Patricia Zavala de Arias

Deshilado (des-ē-lah’-do), or Mexican openwork embroidery, is traditionally used on household items such as tablecloths, napkins, and linens.  Openwork embroidery is the art of removing threads from a fabric to create a design over which embroidery is made.

Patricia Zavala de Arias learned deshilado from her mother in her hometown of Guanajuato, Mexico.  She has been making deshilado for over thirty years.

As a master artist in ACTA’s Apprenticeship Program in 2013, Patricia shared with her daughter and apprentice Maria Arias the intricate and intensive fabric work of deshilado.

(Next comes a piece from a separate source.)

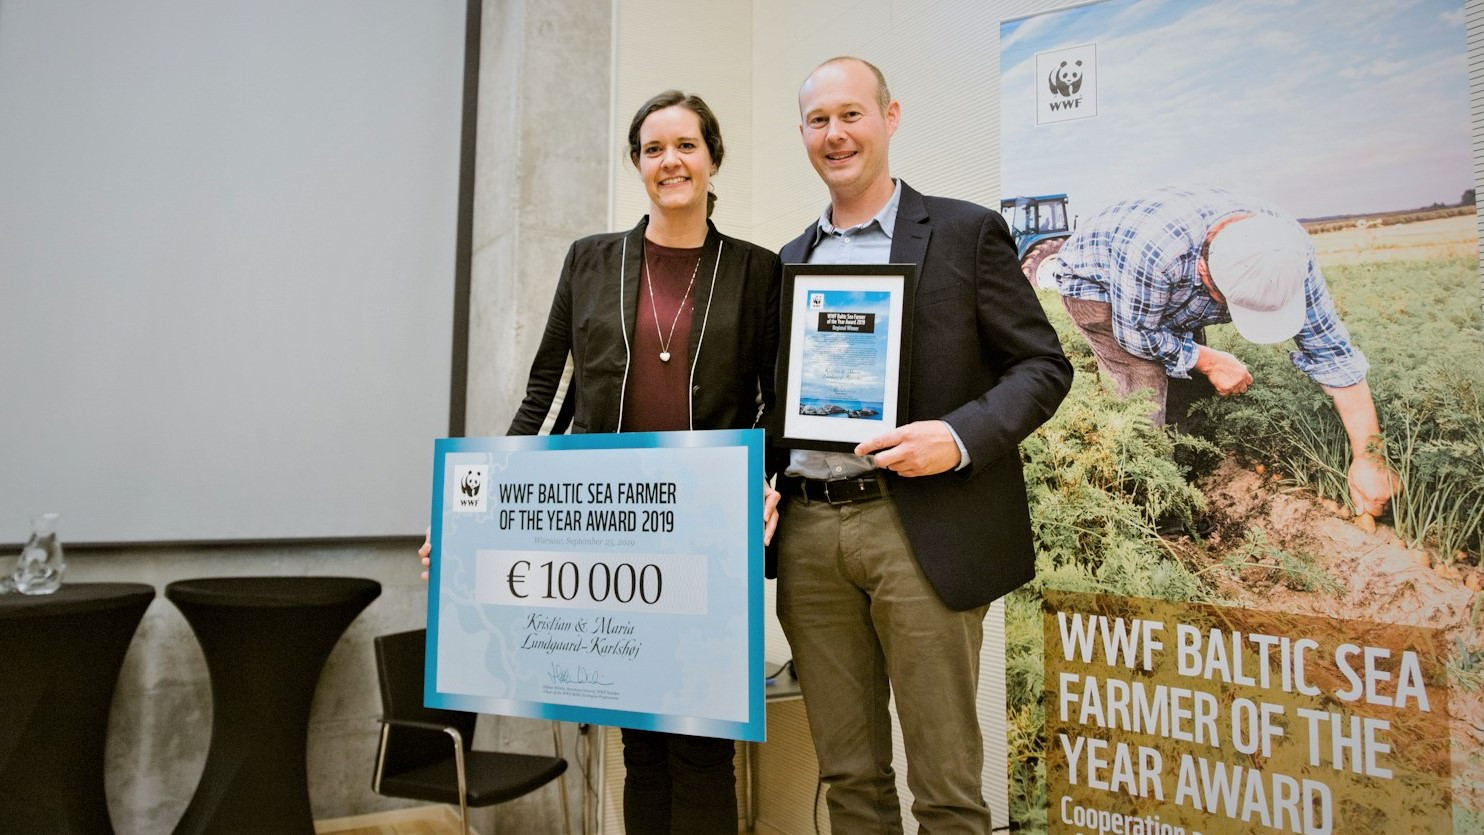 Landmandsparret Kristian og Maria Lundgaard-Karlshøj har som de første danskere netop vundet WWF's pris Baltic Sea Farmer of the Year Award. Her står de og fremviser diplomet og checken på 10.000 euro.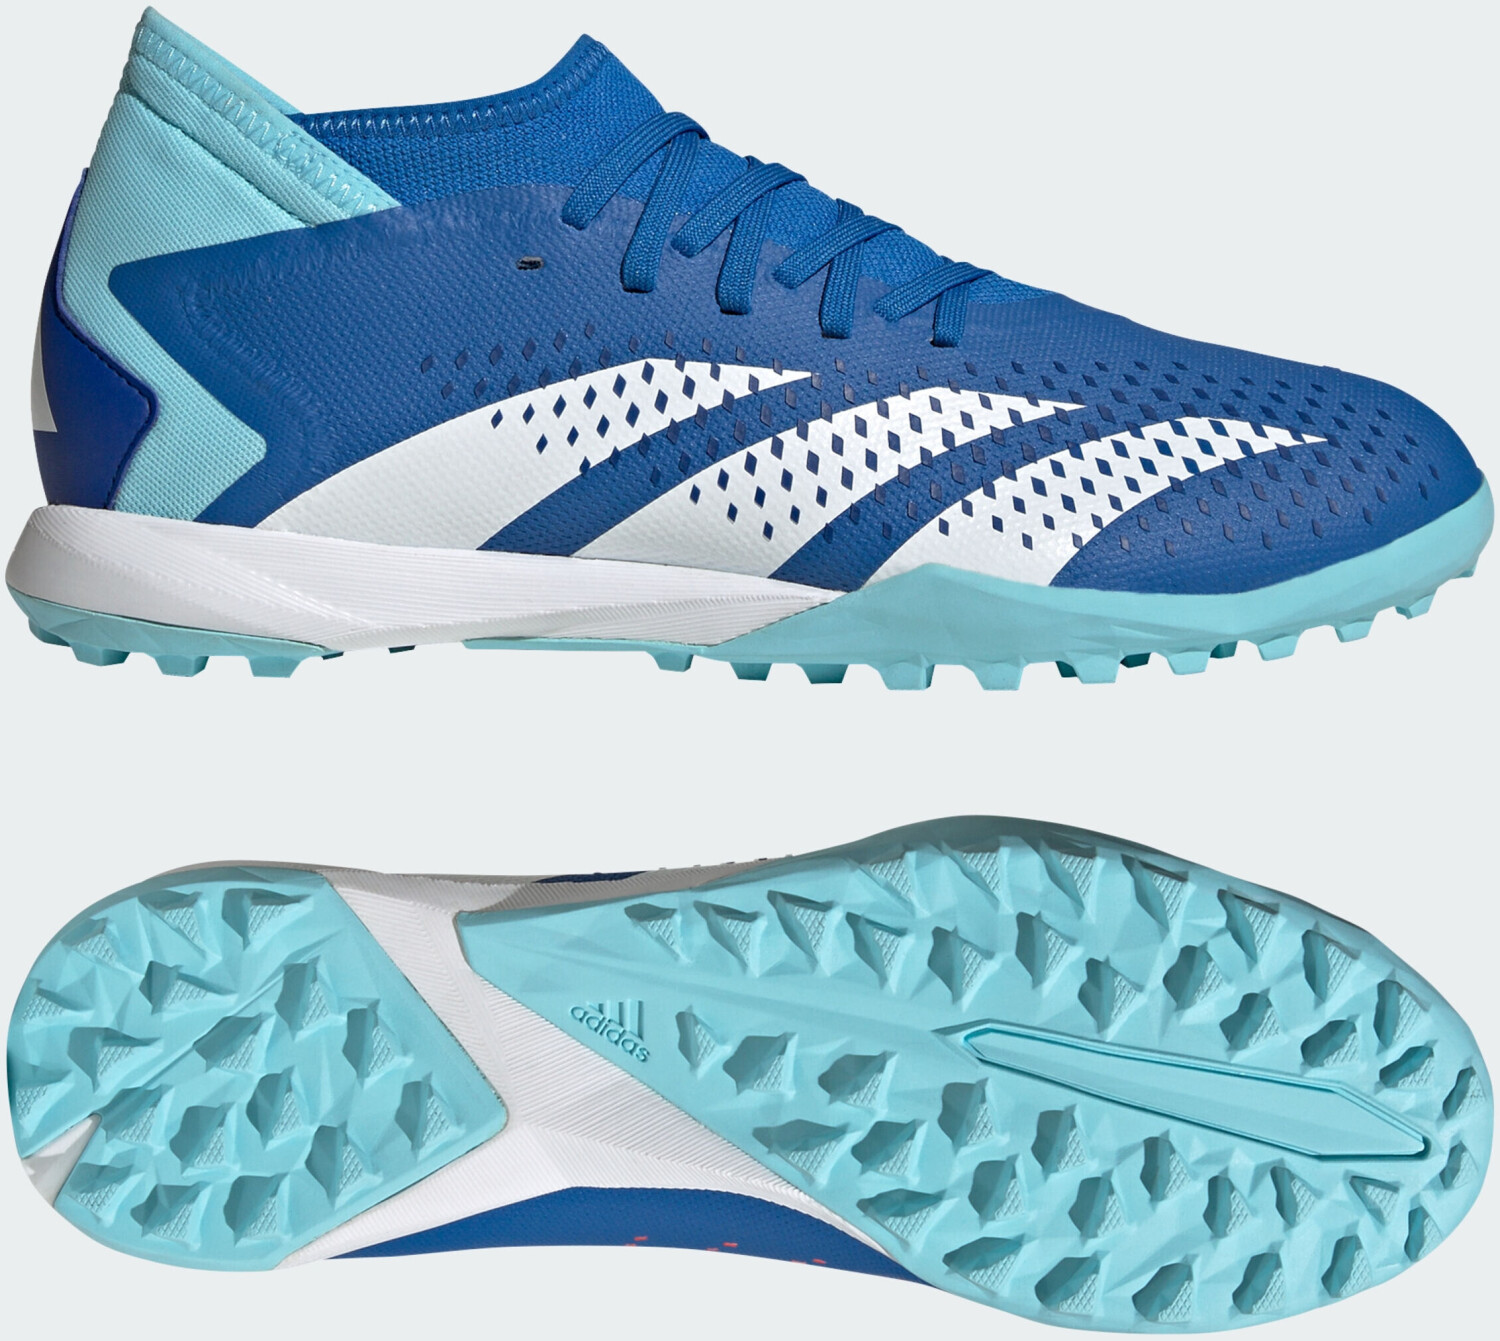 Adidas 58,50 | bei blue royal/cloud TF € Predator (GZ0007) bright Accuracy.3 Preisvergleich ab white/bliss

Master artist Patricia Zavala de Arias (left) and her daughter and 2013 apprentice Maria Arias.

Master artist Patricia Zavala de Arias (left) working with apprentice and daughter Maria Arias on different aspects of a table setting set.

Apprentice Maria Arias using thread to tie in designs into the material.

The early stages of a large table cloth that incorporates many cloth textile techniques.

Detail of one corner of the large tablecloth.

Different designs and patterns utilized in this small tablecloth.

A cloth napkin for the table setting set that incorporates deshilado techniques, cross-point, embroidery, and tejido (knitting).

A table place setting that incorporates deshilado techniques, crosspoint, embroidery, and tejido (knitting).